═════ Data under study
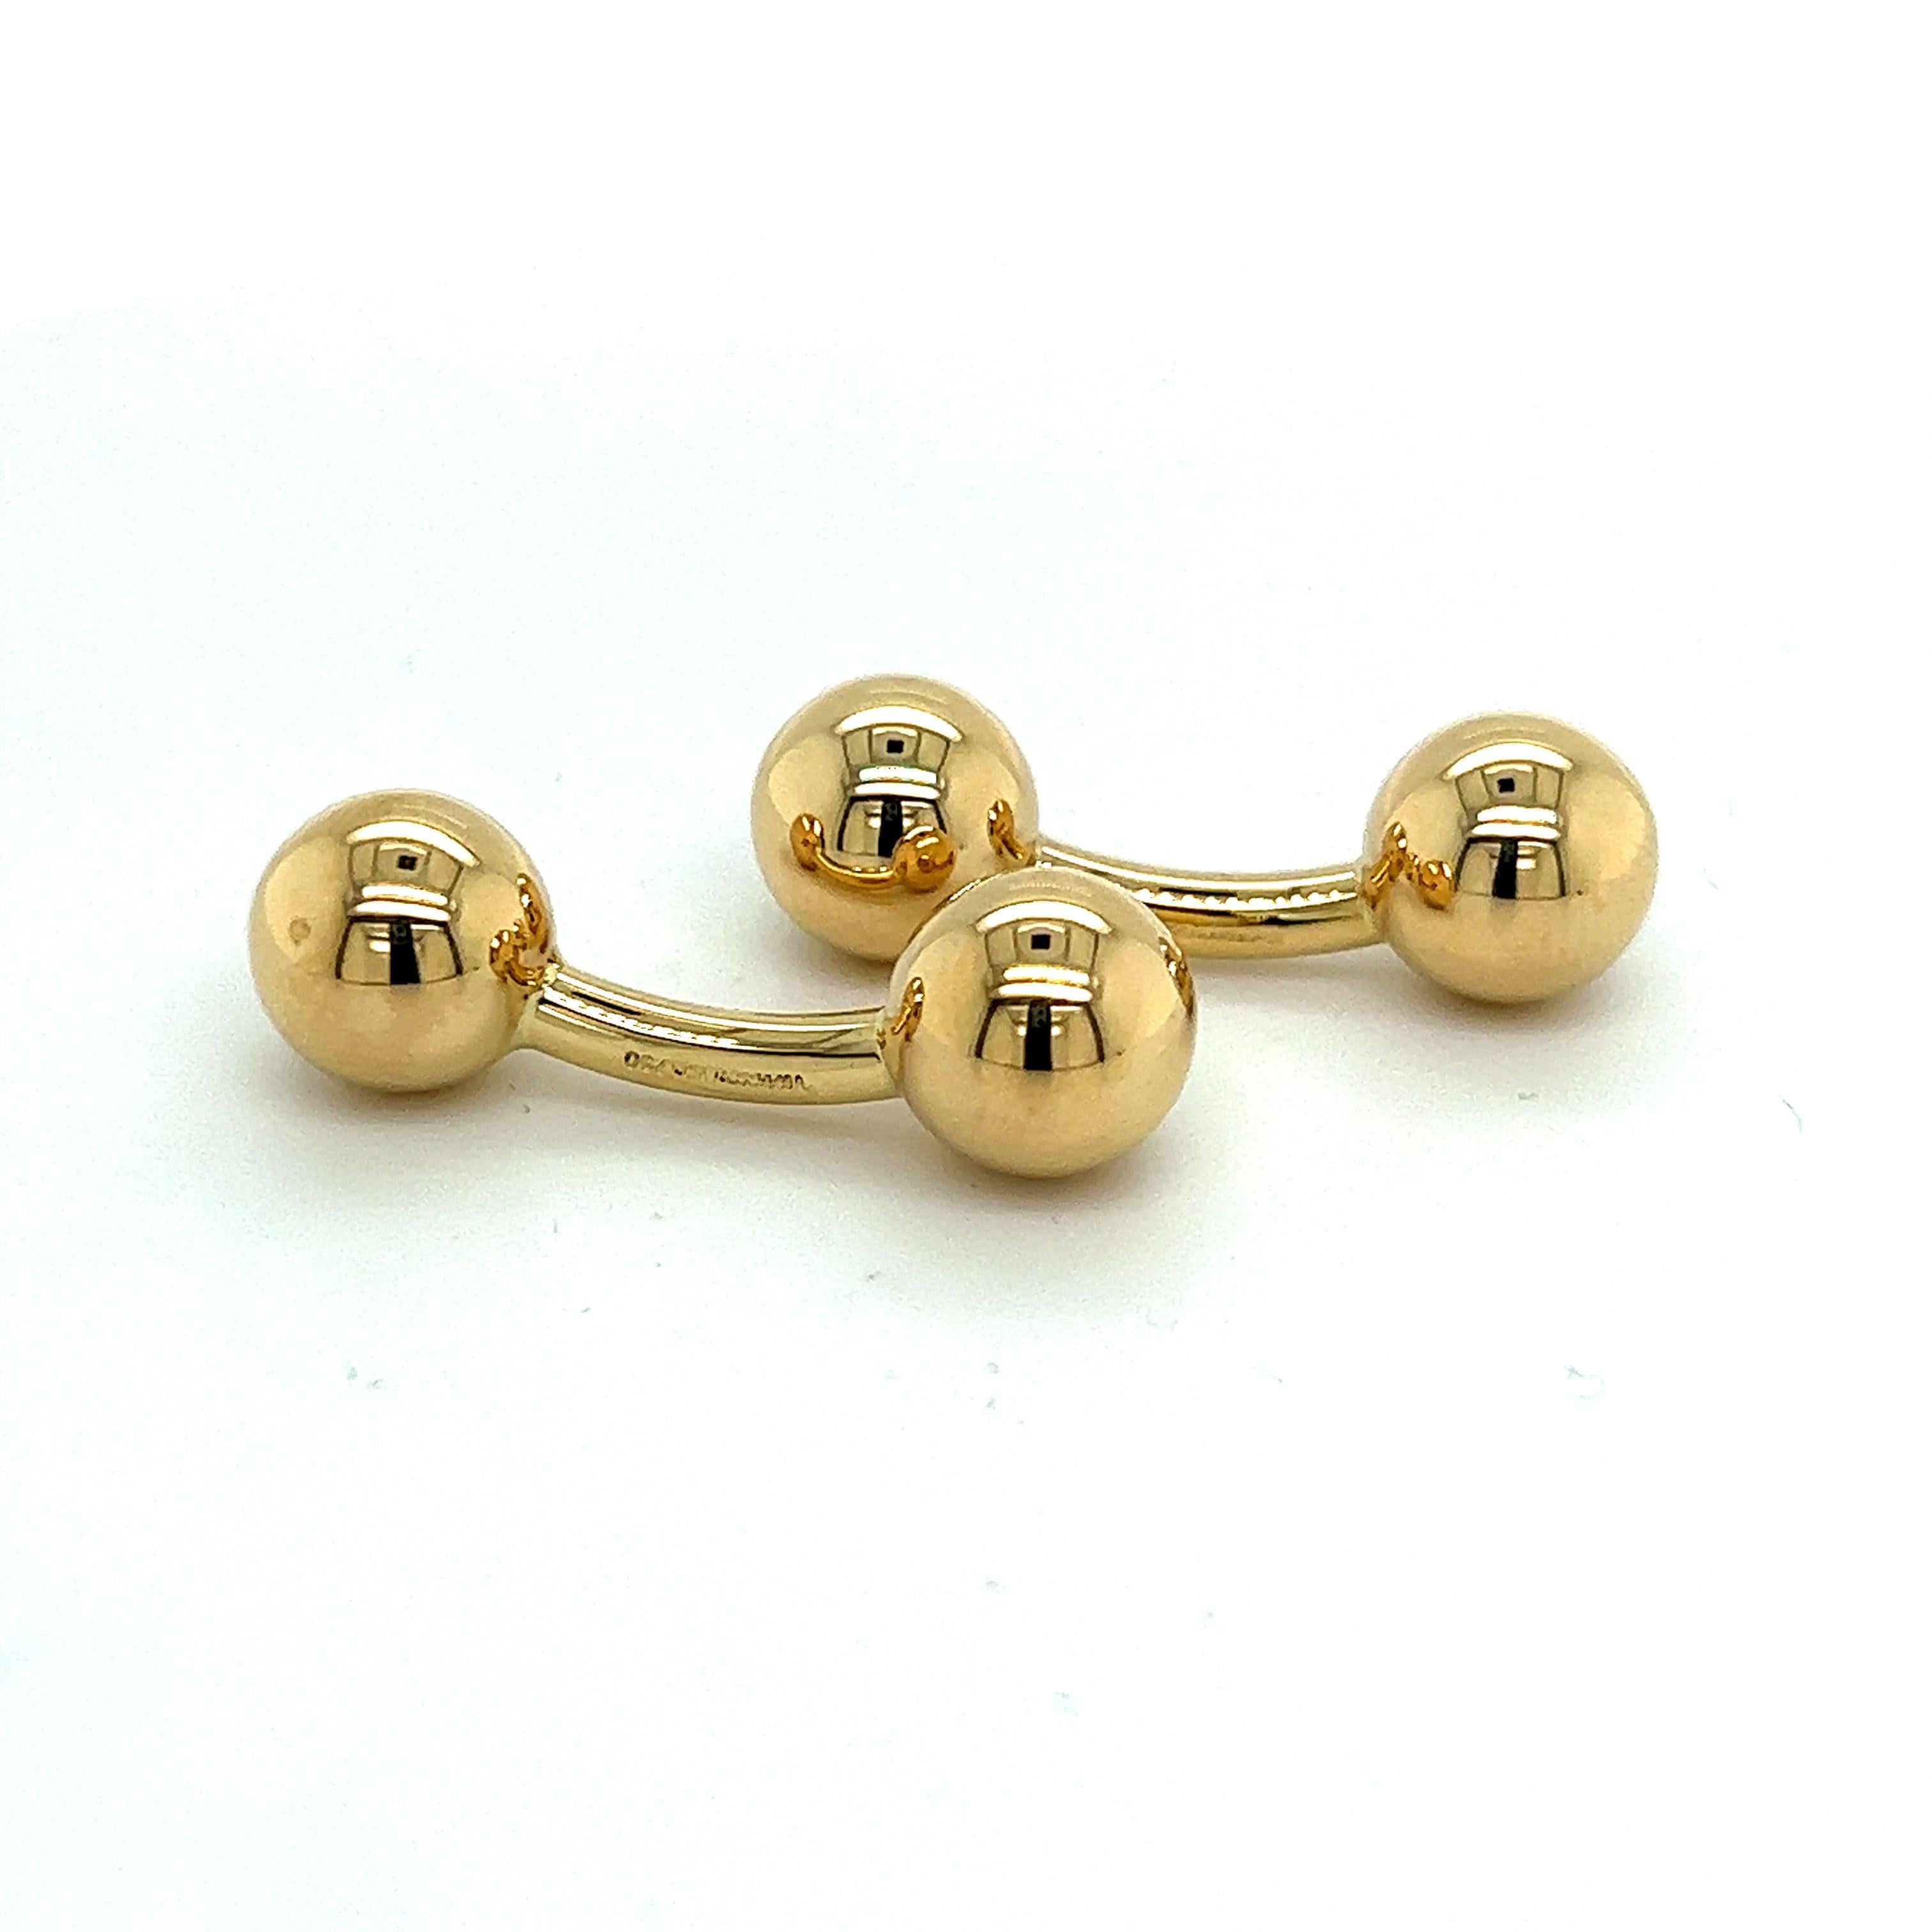 Tiffany & Co Estate Barbell Cufflinks 14k Y Gold TIF340

TRUSTED SELLER SINCE 2002

PLEASE SEE OUR HUNDREDS OF POSITIVE FEEDBACKS FROM OUR CLIENTS!!

FREE SHIPPING

DETAILS
Weight: 8.7 Grams
Metal: 14k Yellow Gold

These Authentic Tiffany & Co.
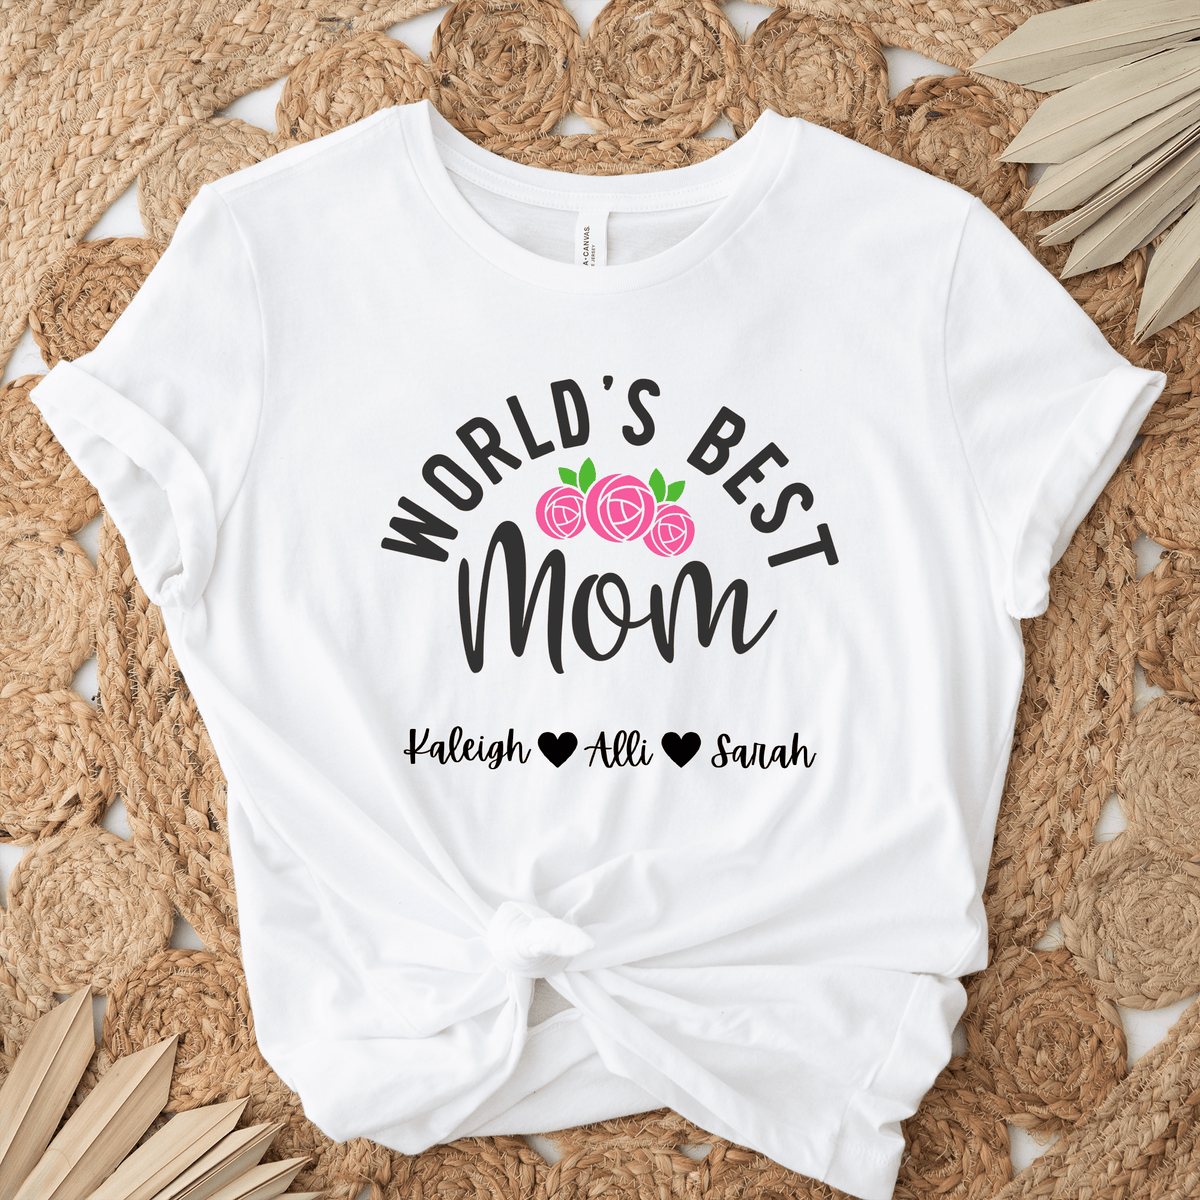 Womens White T Shirt with Worlds-Best-Mom design
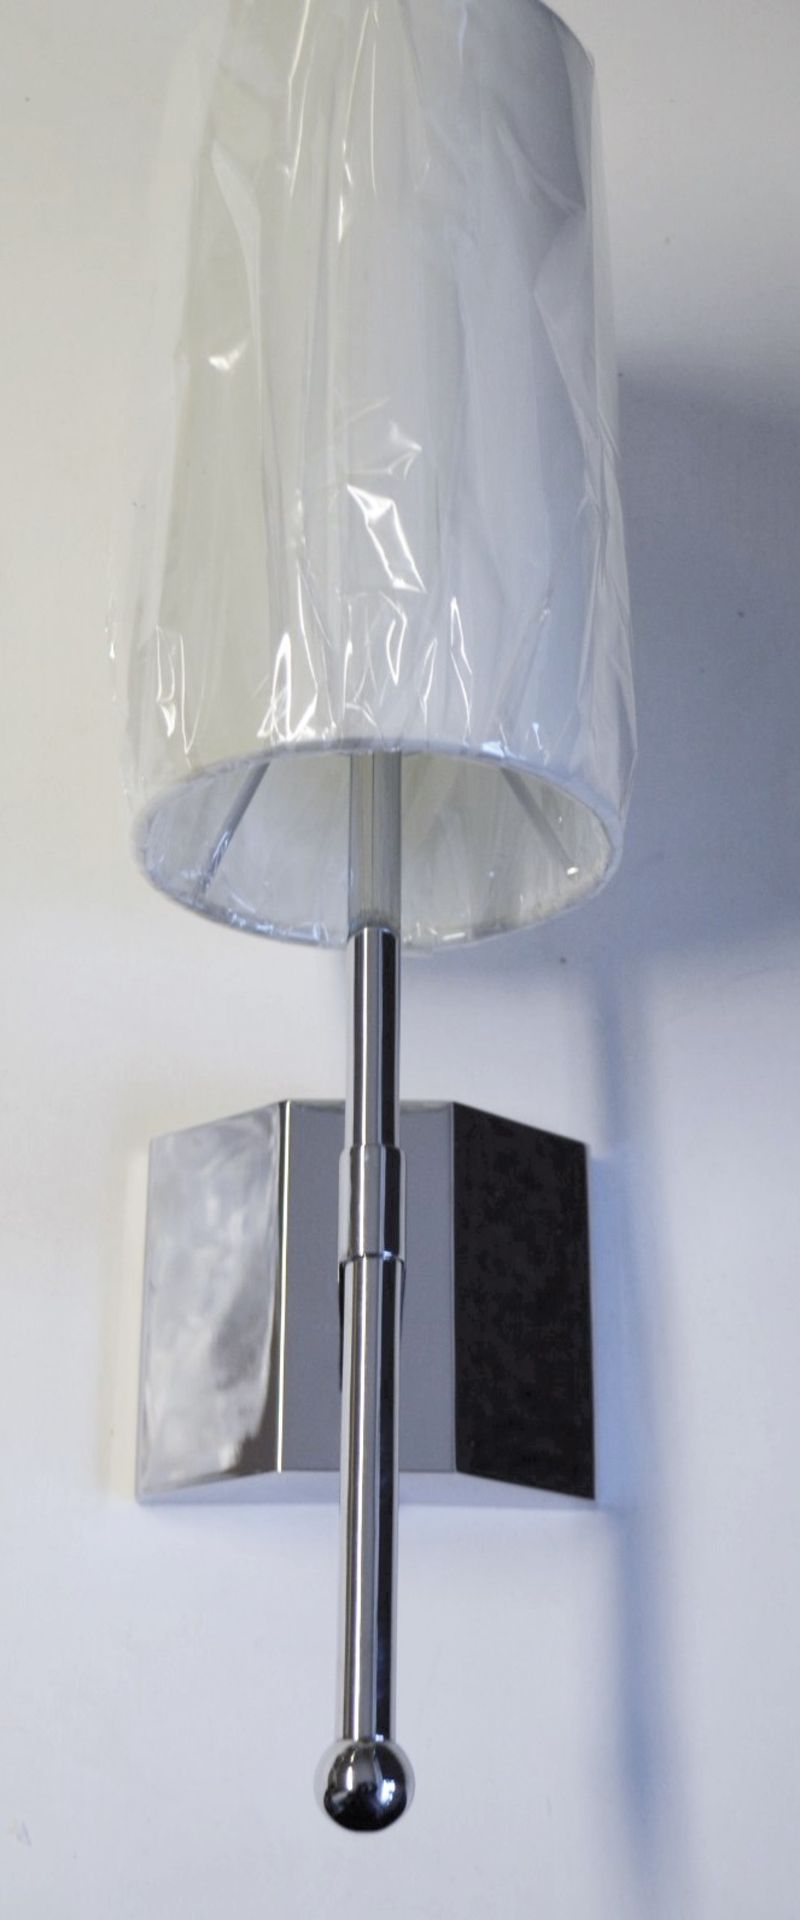 1 x CHELSOM Wall Light In A Chrome Finish With A Silk Shade - Unused Boxed Stock - Dimensions: - Image 5 of 5
══════════
# [Description of the task]
Every line of the data should be transcribed exactly. Omit the images.

# [Solution]
 Tiffany & Co Estate Barbell Cufflinks 14k Y Gold TIF340

TRUSTED SELLER SINCE 2002

PLEASE SEE OUR HUNDREDS OF POSITIVE FEEDBACKS FROM OUR CLIENTS!!

FREE SHIPPING

DETAILS
Weight: 8.7 Grams
Metal: 14k Yellow Gold

These Authentic Tiffany & Co.
 Womens White T Shirt with Worlds-Best-Mom design
 1 x CHELSOM Wall Light In A Chrome Finish With A Silk Shade - Unused Boxed Stock - Dimensions: - Image 5 of 5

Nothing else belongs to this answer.